Je ne vous traduis pas le début, qui raconte en gros comment Shulgin a synthétisé le 2C-B, puis l’a propagé dans son cercle d’intellectuels en vantant ses mérites thérapeutiques et érotiques, si bien que de nombreux psychologues ont commencé à l’utiliser en consultation ; comment la substance, vendue sans ordonnance, a été commercialisée sous le nom de « Nexus » (= "connexion") comme aphrodisiaque, et rapidement détournée par les fêtards pour ses vertus euphorisantes, jusqu’à son bannissement aux USA 1993, et les pressions subséquentes pour son bannissement dans plusieurs pays d’Europe et en Afrique du Sud.
Pour autant, bien entendu, le 2C-B (que l’auteur(ice?) appelle « Nexus » tout au long de l’article) continue d’être consommé sous le manteau. Vous en savez quelque-chose, bande de drogués.
Traduction
« L'un des développements les plus intéressants de la scène du Cap [capitale de l'Afrique du Sud, bande d'incultes] est que le Nexus est l'ingrédient actif d'un médicament appelé Ubulawu Nomathotholo (une expression Xhosa [la deuxième langue du pays, après le zoulou] qui se traduit approximativement par "médecine des ancêtres qui chantent"). Jusqu'à récemment, l'Ubulawu Nomathotholo était disponible dans diverses herboristeries africaines où il était vendu comme un support de guérison traditionnelle.
Selon les informations écrites à l'intérieur du pack : "Ubulawu Nomathotholo ouvre l'esprit aux messages, visions et rêves des esprits ancestraux. Cela en fait un excellent remède à utiliser par les guérisseurs traditionnels africains lors de l'intlombe (1), du xhentsa (2), du vumisa (3), de la divination, de la guérison et du thwasa (4)". »
Pause lexicale :
(1) L’intlombe est une danse traditionnelle, pratiquée par les guérisseuses traditionnelles du peuple Xhosa, les Amagquira, pendant les cérémonies initiatiques. Elle implique des mouvements saccadés du haut du corps et des piétinements (pieds nus). Elle est accompagnée de tambours, de clappements des assistants et d’une musique vocale lente.Vidéo
(2) Le Xhentsa est la même chose, mais dansé par de jeunes filles pendant les cérémonies.
(3) L’(Uku)vumisa serait une pratique divinatoire impliquant le chant. Son étymologie est liée à l’art de l’éloquence, qui permet de maintenir ou de rétablir l’harmonie.

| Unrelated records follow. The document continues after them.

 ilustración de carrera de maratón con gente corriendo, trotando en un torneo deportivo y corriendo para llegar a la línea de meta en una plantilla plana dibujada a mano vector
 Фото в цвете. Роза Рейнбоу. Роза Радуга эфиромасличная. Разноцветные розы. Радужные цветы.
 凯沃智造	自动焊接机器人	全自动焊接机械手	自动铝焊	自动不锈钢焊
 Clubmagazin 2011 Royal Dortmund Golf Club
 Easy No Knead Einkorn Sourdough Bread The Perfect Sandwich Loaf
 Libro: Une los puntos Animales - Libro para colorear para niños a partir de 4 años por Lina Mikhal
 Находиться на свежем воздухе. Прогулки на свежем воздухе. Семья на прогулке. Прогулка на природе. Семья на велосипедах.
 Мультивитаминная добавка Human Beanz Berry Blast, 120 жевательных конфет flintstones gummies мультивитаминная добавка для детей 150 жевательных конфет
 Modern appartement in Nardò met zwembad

(4) « La littérature des années 1970 décrit le phénomène de Thwasa/Intwaso, un état qui a été défini comme une "crise existentielle ... [et une] maladie créatrice", comme la première étape pour devenir un thérapeute Xhosa. Cela peut apparaître comme une période de désintégration où la personne ne se perçoit plus comme un tout et fait l'expérience d'une communication avec ses ancêtres. Les rêves et les visions s'accompagnent souvent de divers symptômes somatiques. Ces symptômes peuvent paraître si extrêmes que les psychiatres occidentaux risquent de les interpréter comme les manifestations d'une psychose. Cependant, les Xhosa les voient comme un cadeau : "Ce type de maladie, la maladie thwasa, est un cadeau que l'on reçoit de ses ancêtres, de ses grands-pères, que l'on ne connaît pas mais dont on a hérité du nom de famille." » source
On devine comment le 2C-B a pu s’insérer dans ces pratiques médico-magiques. Je pense à l’importance de la musique, et aussi au thwasa qui s’accommoderait bien des altérations du sentiment de « soi » typique des psychédéliques. Reprenons :
« Ubulawu Nomathotholo est commercialisé par une société basée au Lesotho, Inkwazi. Mais selon un porte-parole de la société, M. Solomon Daba, en raison de l'interdiction en Afrique du Sud de l'ingrédient actif de leur médicament, celui-ci n'est plus vendu dans la République.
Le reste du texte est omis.